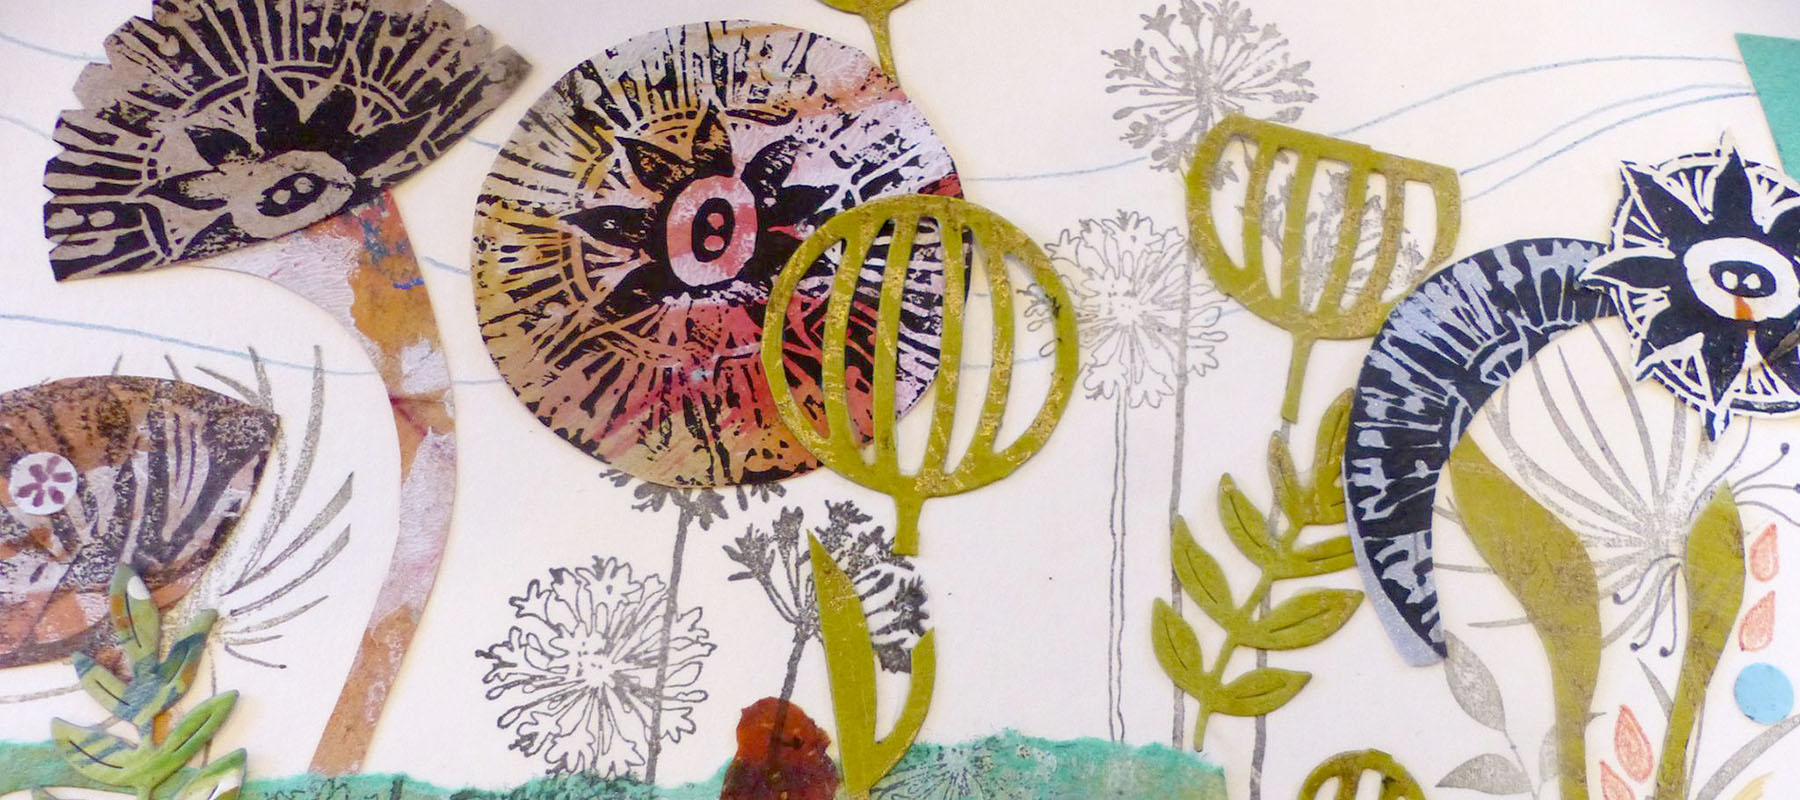 Jane Harlington Art Blue Pig Studio
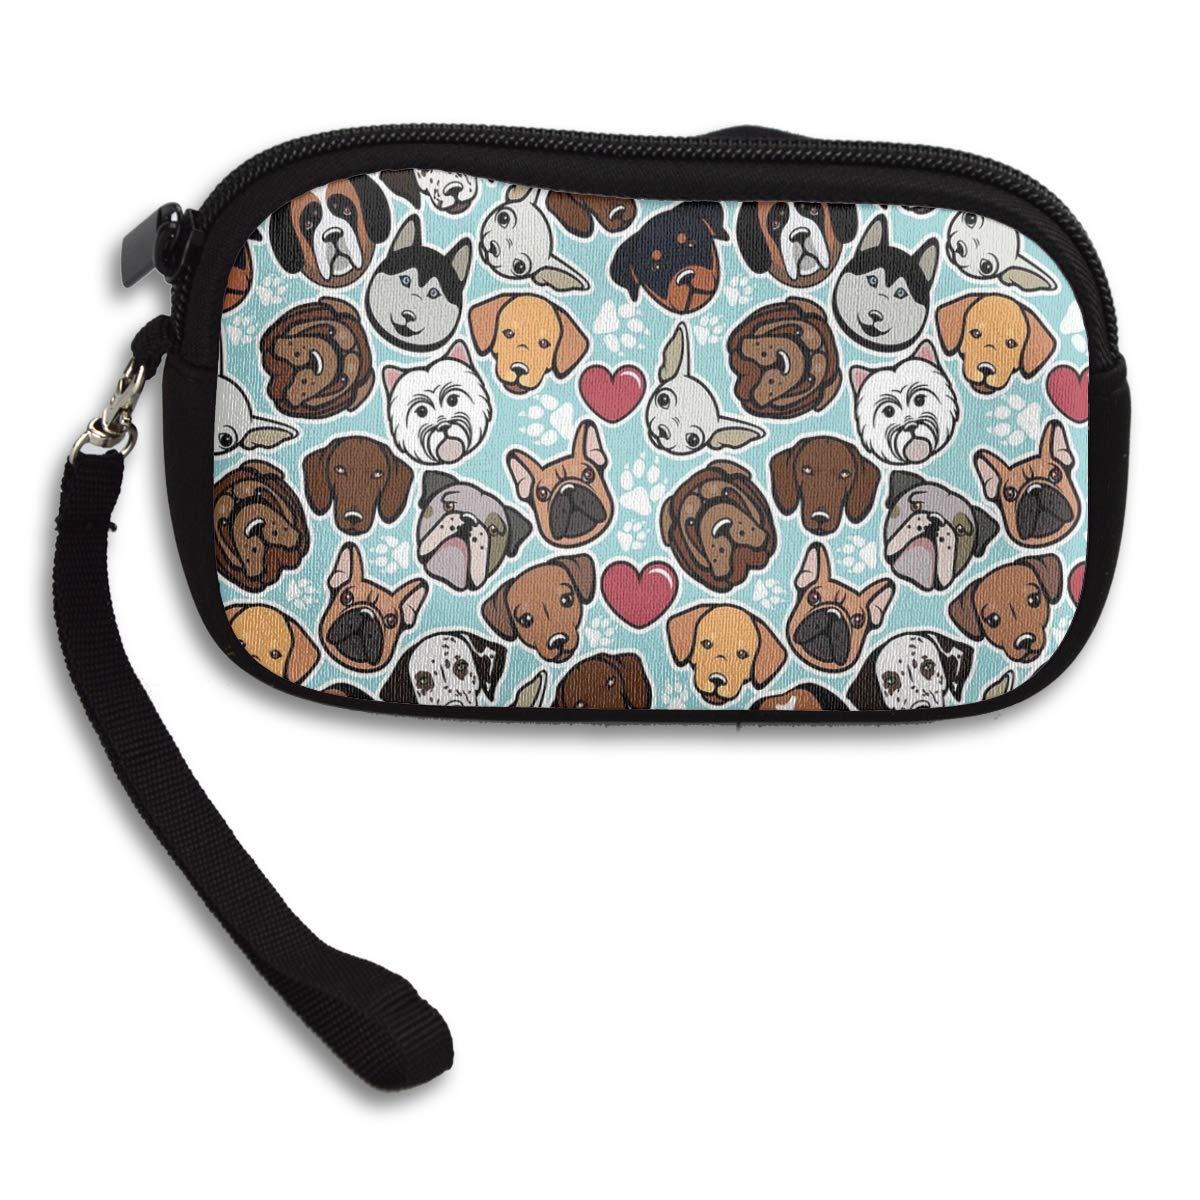 Dog Paw Prints Heart Canine Breeds Coin Pouch Clutch Purse Wristlet Wallet Phone Card Holder Handbag
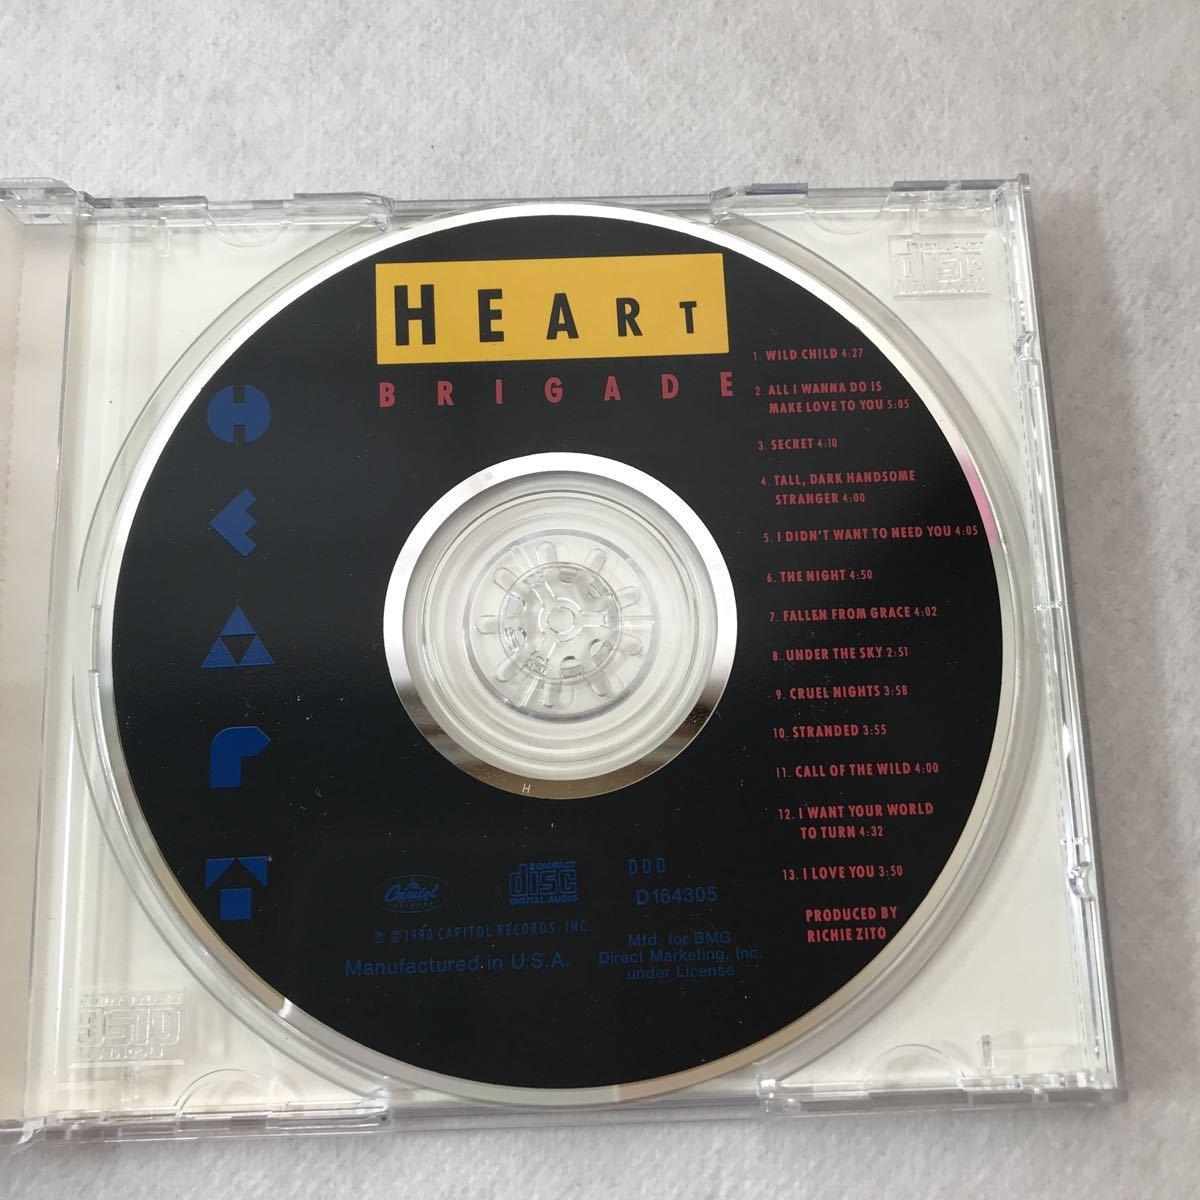 CD HEART BRIGADE
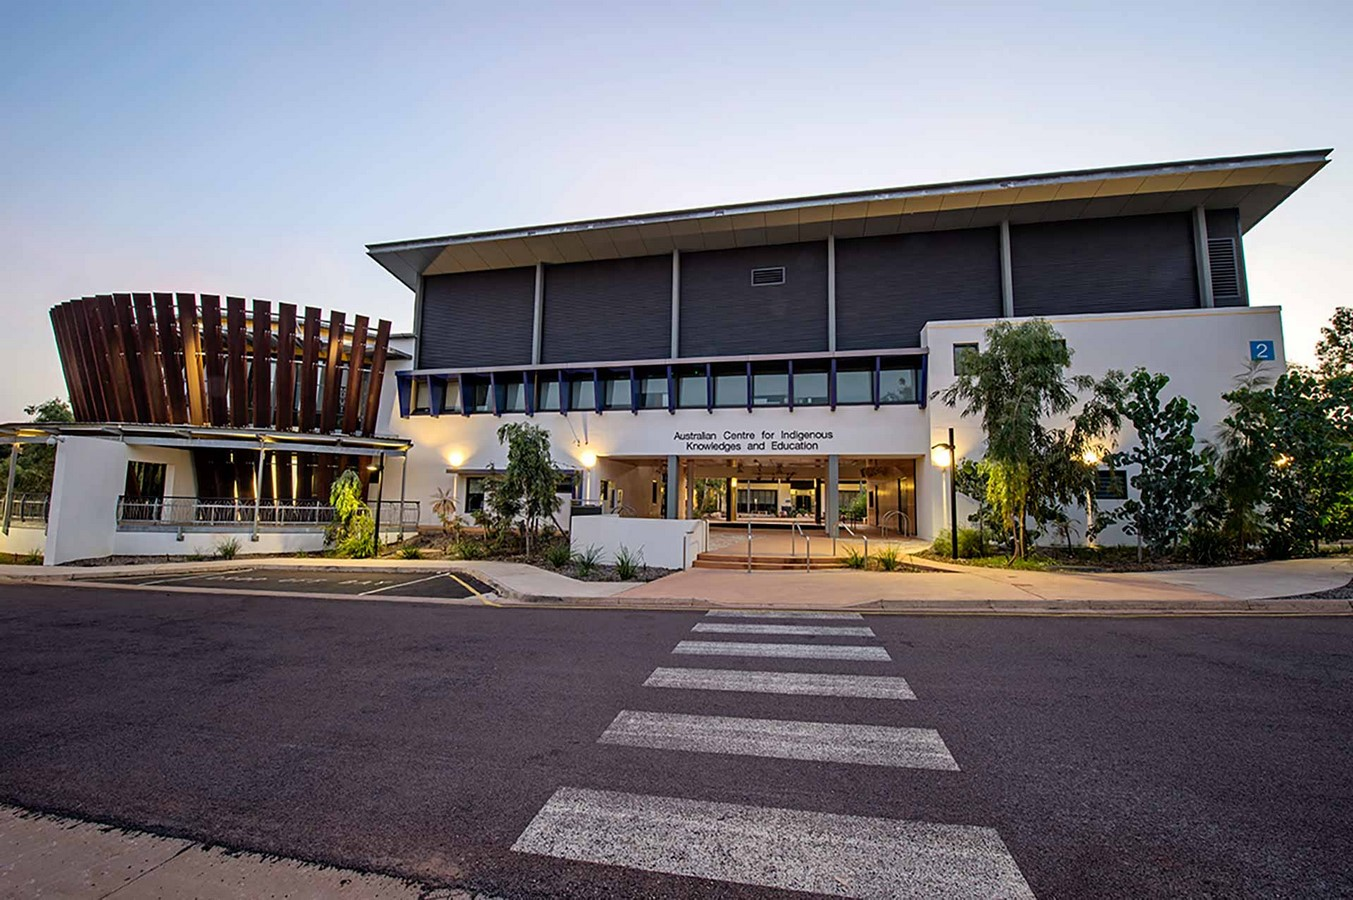 sustainable buildings - Australian Centre - sheet 1
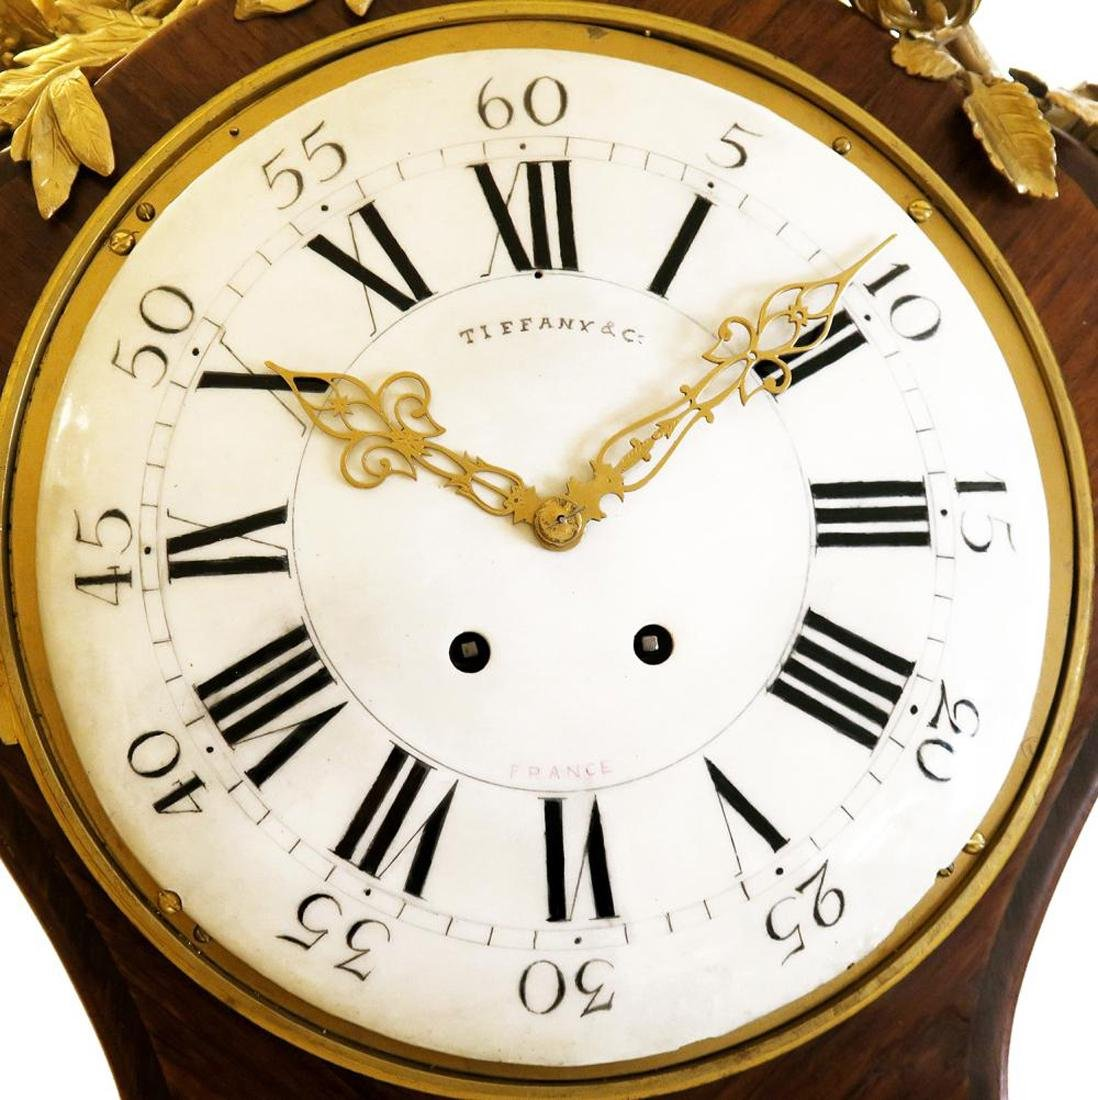 Tiffany & Co. Parquetry & Bronze Long-case Clock - 8

--- --- ---

Above are the records; set down exactly the lines from the line containing "CD HEART BRIGADE" through their last line, leaving every picture out.

 CD HEART BRIGADE
 sustainable buildings - Australian Centre - sheet 1
 Tiffany & Co. Parquetry & Bronze Long-case Clock - 8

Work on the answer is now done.